Bisnis.com, JAKARTA – Kejutan kebijakan terbaru Bank of Japan (BOJ) diperkirakan memberikan angin segar bagi upaya pemulihan dari krisis energi karena dapat memangkas biaya impor bahan bakar menyusul penguatan yen.
Keputusan mengejutkan Gubernur BOJ Haruhiko Kuroda untuk memperluas kurva imbal hasil obligasi tenor 10 tahun memicu lonjakan terbesar yen dalam lebih dari dua dekade. Yen yang lebih ini diperkirakan menguntungkan produsen listrik, distributor gas, dan penyulingan negara, yang bergulat dengan lonjakan biaya bahan bakar karena devaluasi mata uang yang cepat dan krisis energi global.
Yen yang lemah mendorong biaya impor energi Jepang, sehingga mempersulit upaya untuk menimbun bahan bakar dan menghindari kekurangan atau pemadaman listrik.
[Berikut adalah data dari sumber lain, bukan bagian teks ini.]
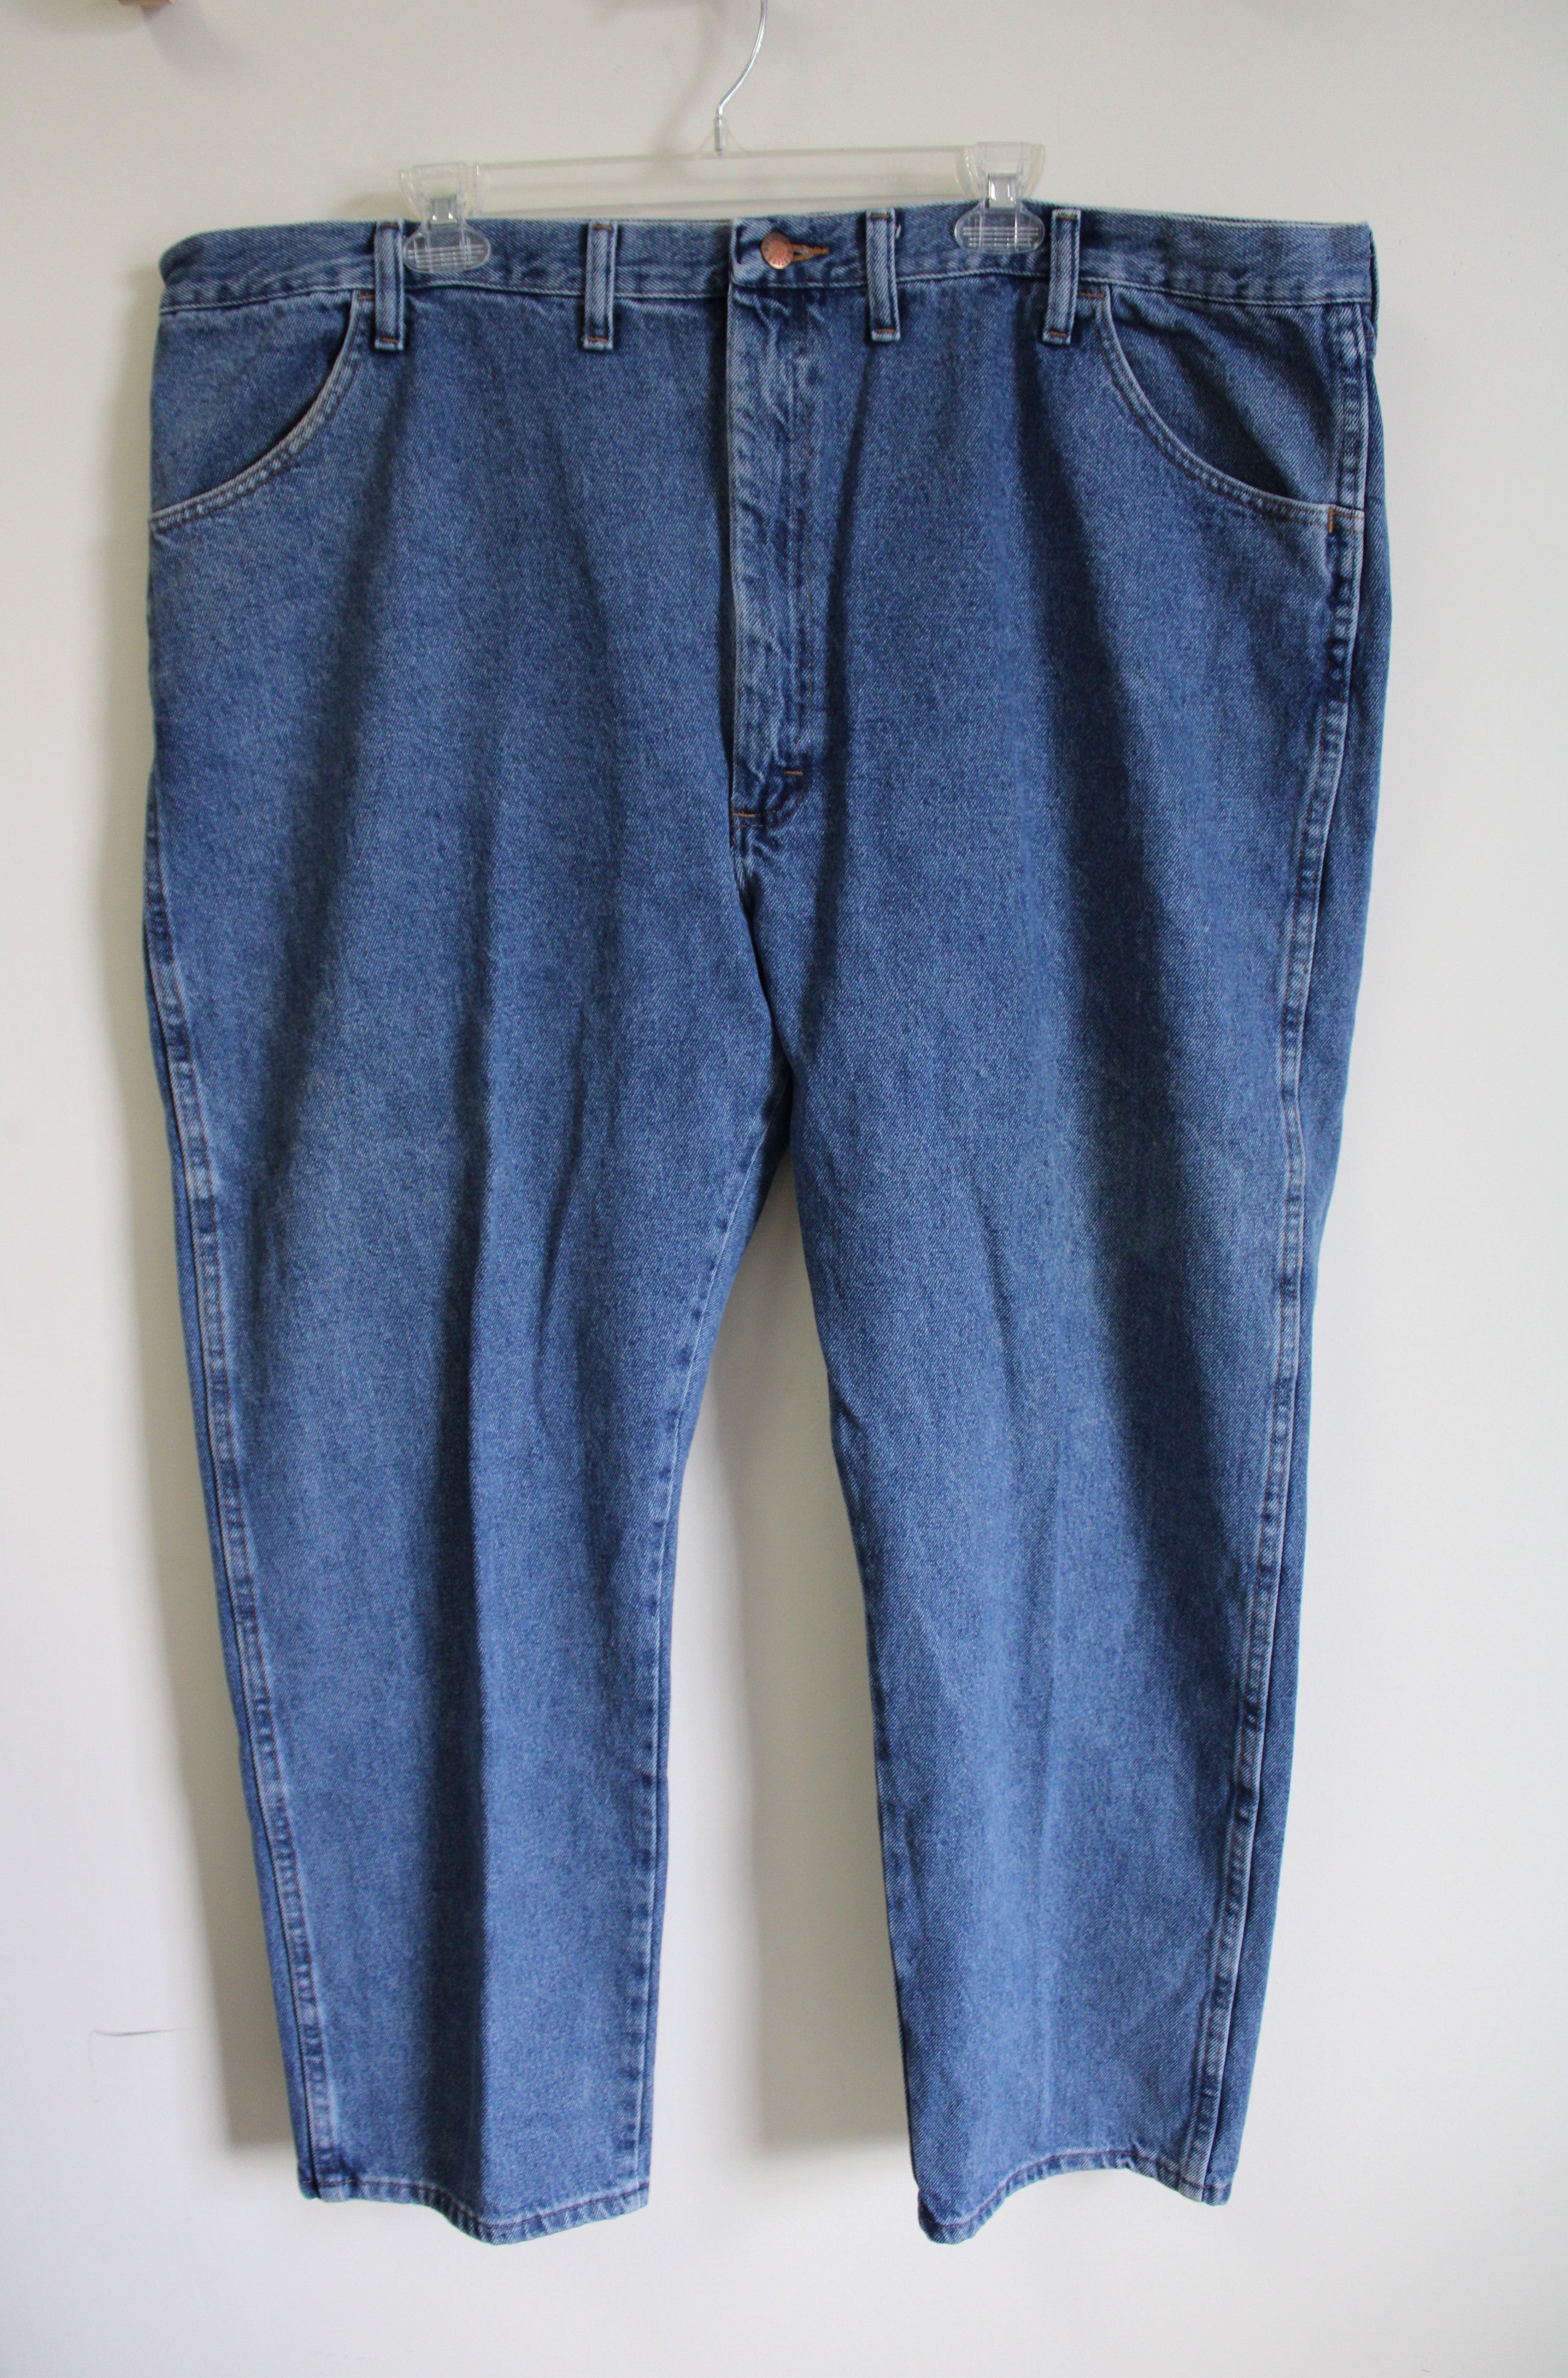 Louis Raphael Luxe Men’s Size 36X30 Grey/Blue Plaid Dress Pants

Harga gas alam cair dalam mata uang yen naik lebih dari empat kali lipat dalam dua tahun terakhir, lebih tinggi dari harga yang dipatok dengan dolar AS.
“Dalam jangka pendek, apresiasi yen kemungkinan besar akan menguntungkan kilang minyak Jepang dan importir energi karena akan mengurangi biaya pembelian minyak, LNG, dan bahan bakar berdenominasi dolar AS lainnya," kata Will Sungchil Yun, analis komoditas senior di SI Securities.
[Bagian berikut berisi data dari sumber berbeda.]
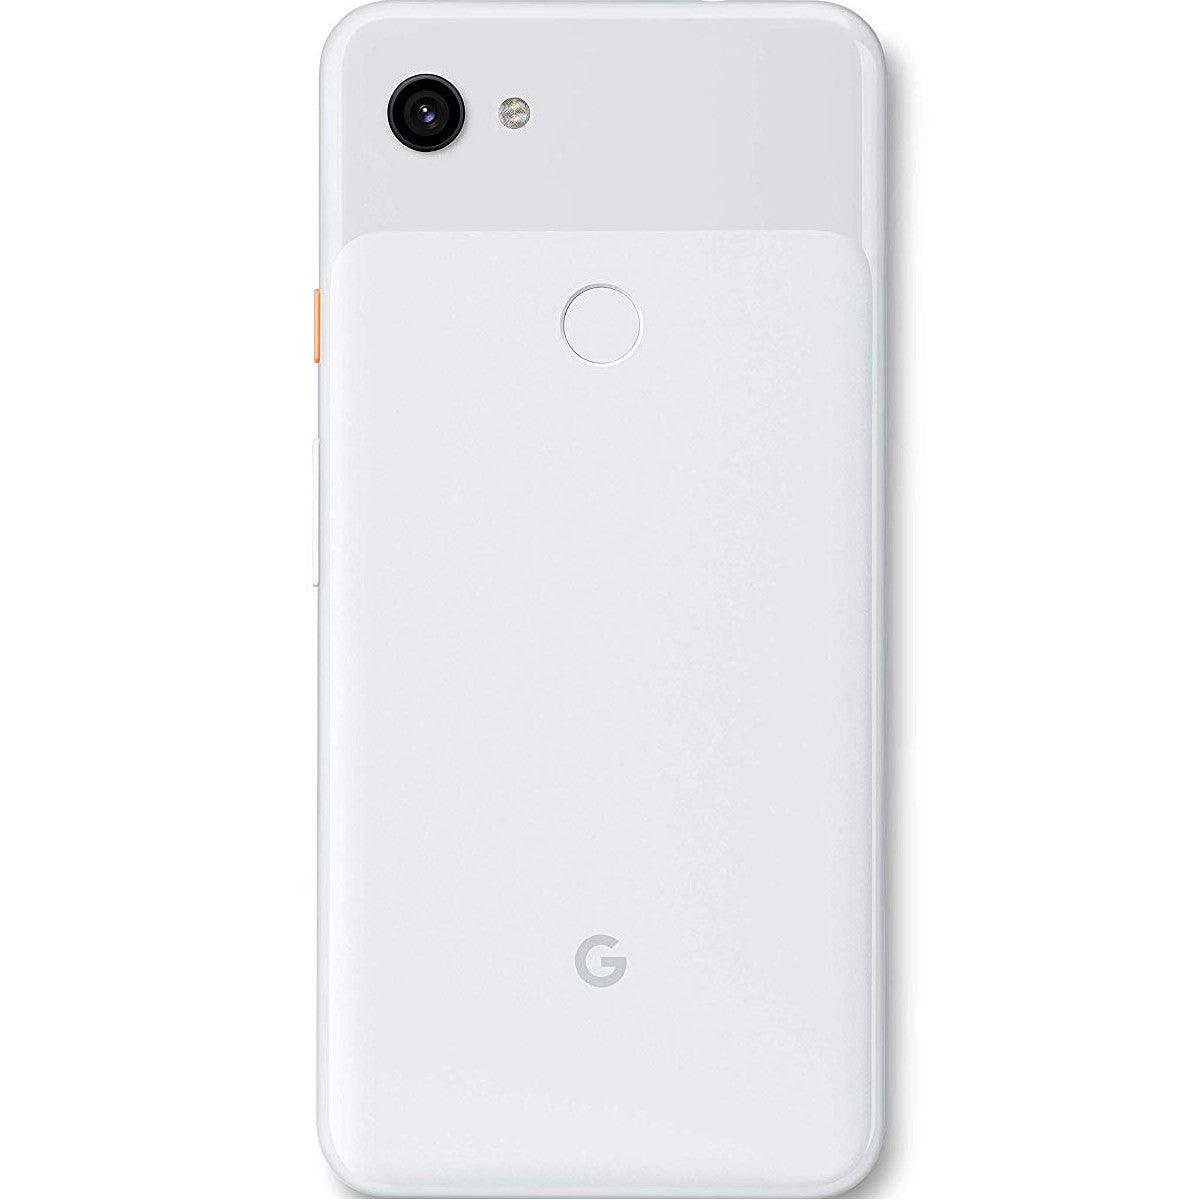 Pixel 3a XL White 64GB Grade 3 - Good - GoodTech

Harga LNG naik ke rekor tertinggi tahun ini setelah invasi Rusia ke Ukraina dan memaksa importir Jepang berskala kecil untuk menahan pembelian bahan bakar ini dari pasar spot.
Yang pasti, importir energi mungkin menunda pembelian tambahan jika mereka mengharapkan penguatan yen lebih lanjut.
Baca Juga
"Devaluasi cepat mata uang Jepang yang terlihat dalam periode baru-baru ini telah merusak pengadaan LNG Jepang," kata analis Institute of Energy Economics Hiroshi Hashimoto.
Meskipun pemerintah akan memberikan subsidi sementara untuk tagihan listrik rumah tangga tahun depan, tarif listrik telah melonjak pada tahun lalu dan berisiko naik lebih lanjut karena kenaikan harga bahan bakar. Hal ini berkontribusi pada inflasi di Jepang yang melonjak ke level tertinggi dalam empat dekade terakhir.